Precision Rockets Pose a Strategic Threat to Israel—by Targeting Civilians

Oct. 23 2018

In 1991, during the Persian Gulf War, Saddam Hussein began bombarding Israel with Scud missiles. The U.S., having prevailed upon Jerusalem not to retaliate or to destroy Iraqi missile launchers, provided its ally with Patriot anti-missile missiles—which proved entirely ineffective. Then the Israeli Ministry of Defense, overcoming longstanding objections from the IDF brass, decided to develop its own missile-defense system, and put Uzi Rubin in charge of it; his efforts led to the multilayered system that now protects the Jewish state from rockets of all kinds. In an interview with Yonah Jeremy Bob, Rubin assesses the current strategic threats to Israel from the precision rockets now used by Hizballah and Iran:

A simple rocket is a terror weapon. [Shooting one] is like blowing up a bus.
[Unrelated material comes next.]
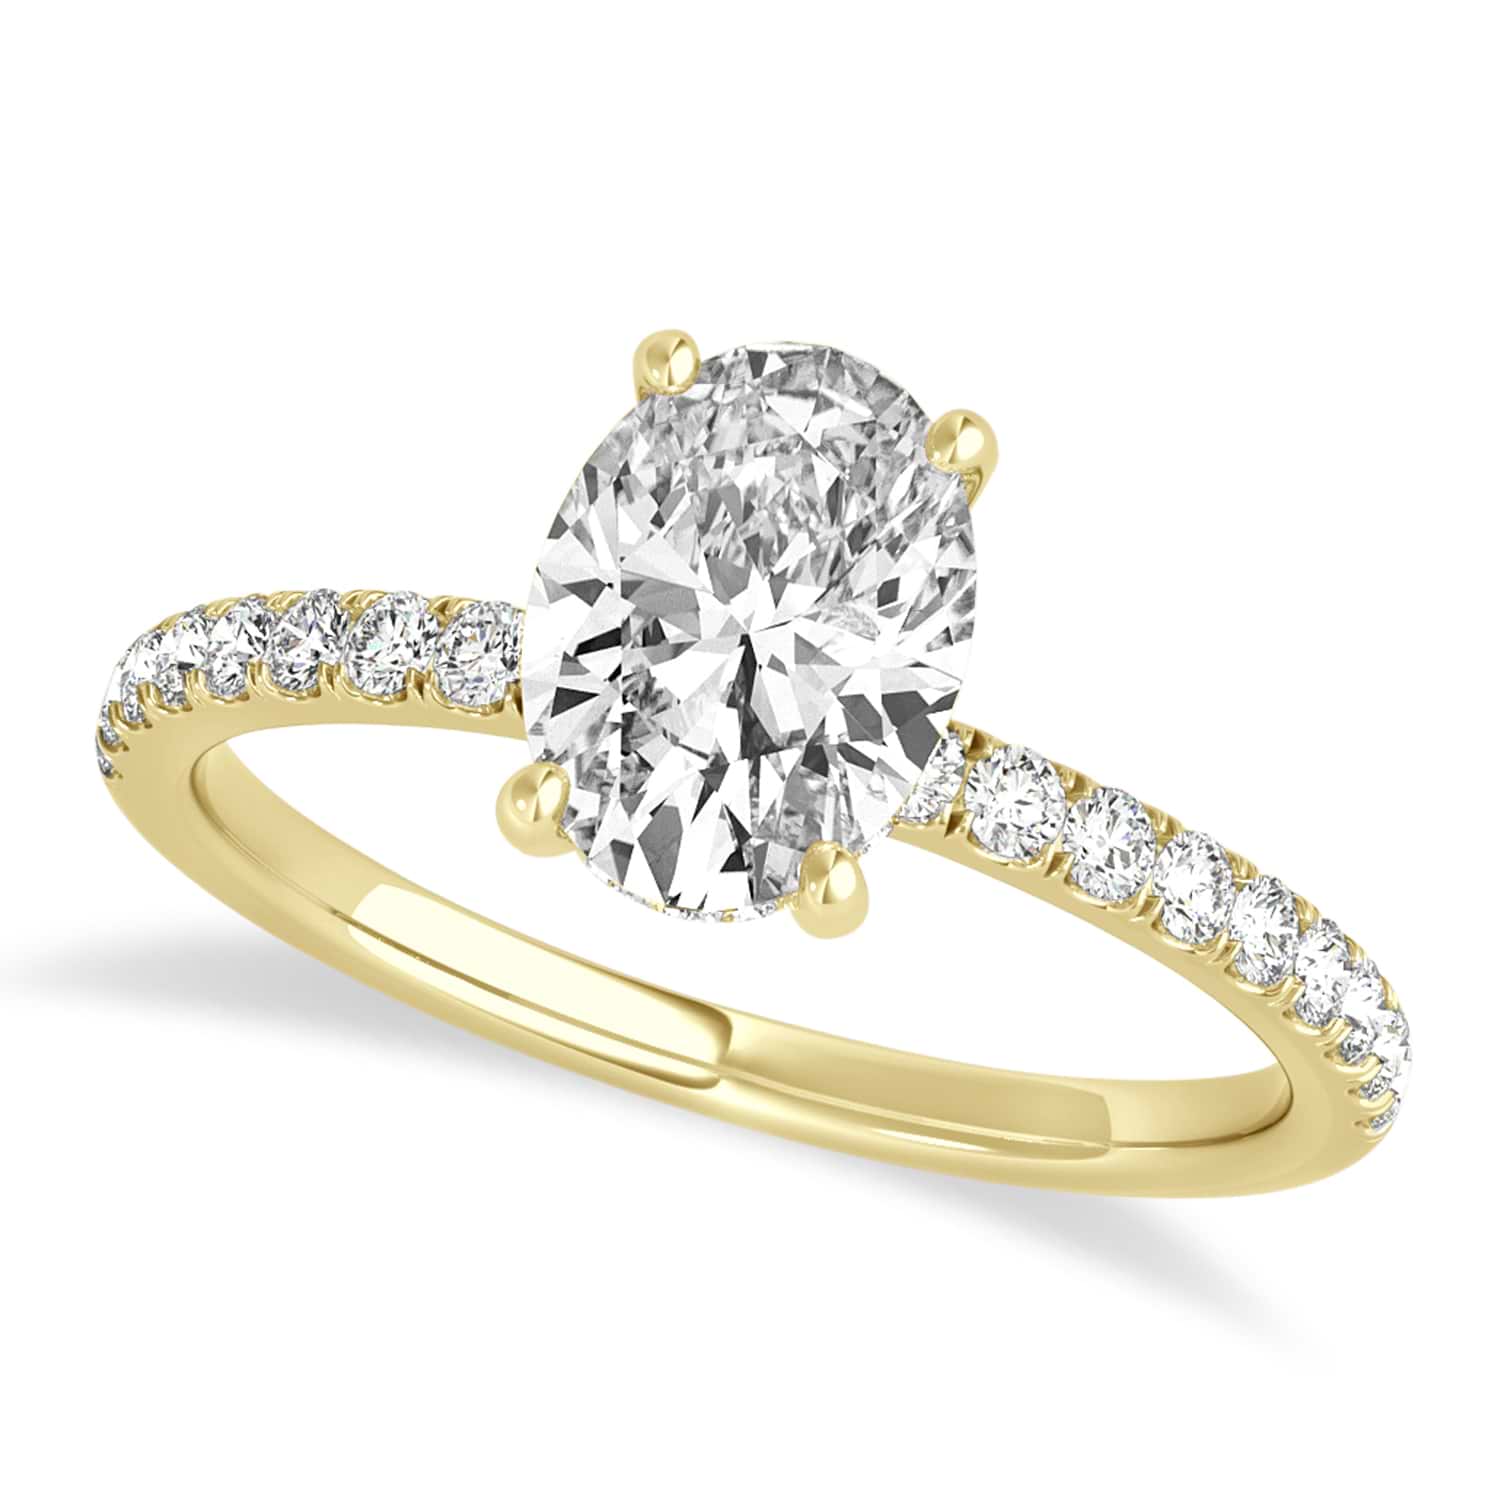 Oval Lab Grown Diamond Single Row Hidden Halo Engagement Ring 14k Yellow Gold (1.50ct)
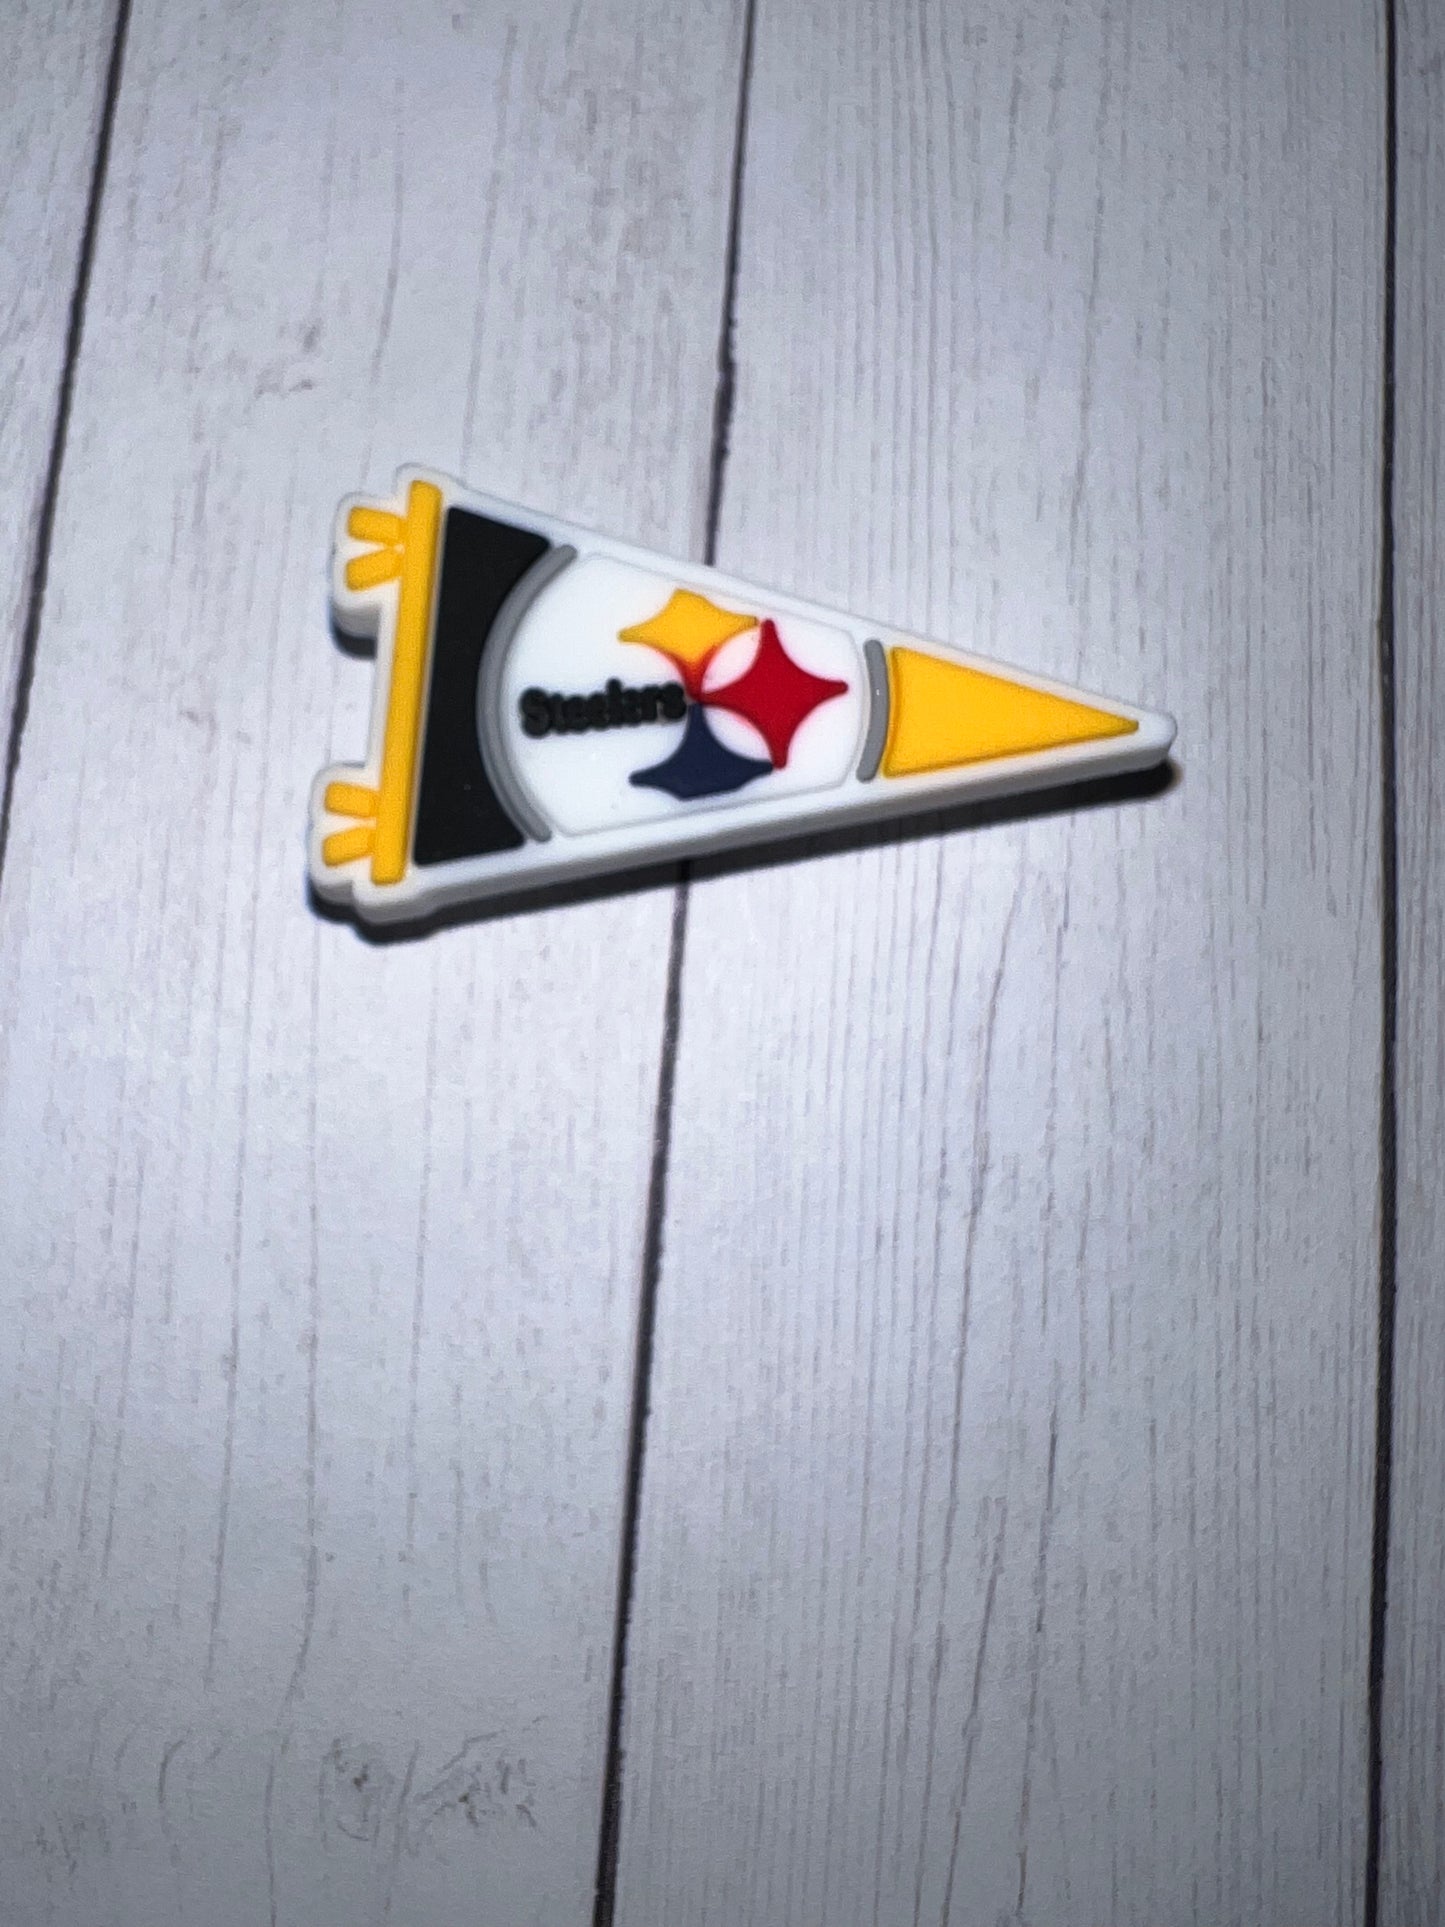 NFL Flag Croc Charms

Yes, it is a problem and it needs to be dealt with it, but precision-guided rockets cross over into being military weapons. [The threat from such weapons] changes the whole system of prioritizing what actions to take. You need first to guard your ability to keep fighting, which includes [defending] the home front—and not just for the sake of national morale. Food, gas, and other things come to the military from the civilian sector. . . .

[Currently Israel] doesn’t have enough Arrow missiles or Iron Dome batteries. Ask the IDF officers and they will say we have too many. To be objective, it’s necessary to address this question by first determining where the emphasis is in war today. The strategy [of Israel’s enemies] is not to overwhelm the IDF, it’s to overwhelm the civilian population. Until the 1973 [Yom Kippur] war, our adversaries’ wars were about trying to beat the IDF. Now our adversaries are not preparing themselves for war against the IDF. Fighting the IDF is at best a secondary goal; mainly they are going after civilians. . . .

Yet Rubin was optimistic about his country’s ability to rise to new challenges, crediting the “creative chaos” that characterizes the Israeli way of doing things:

We have a special atmosphere. We do not think about rules and decorum. You do what needs to be done. There is a unique social network and cross-fertilization between the military and the defense industry.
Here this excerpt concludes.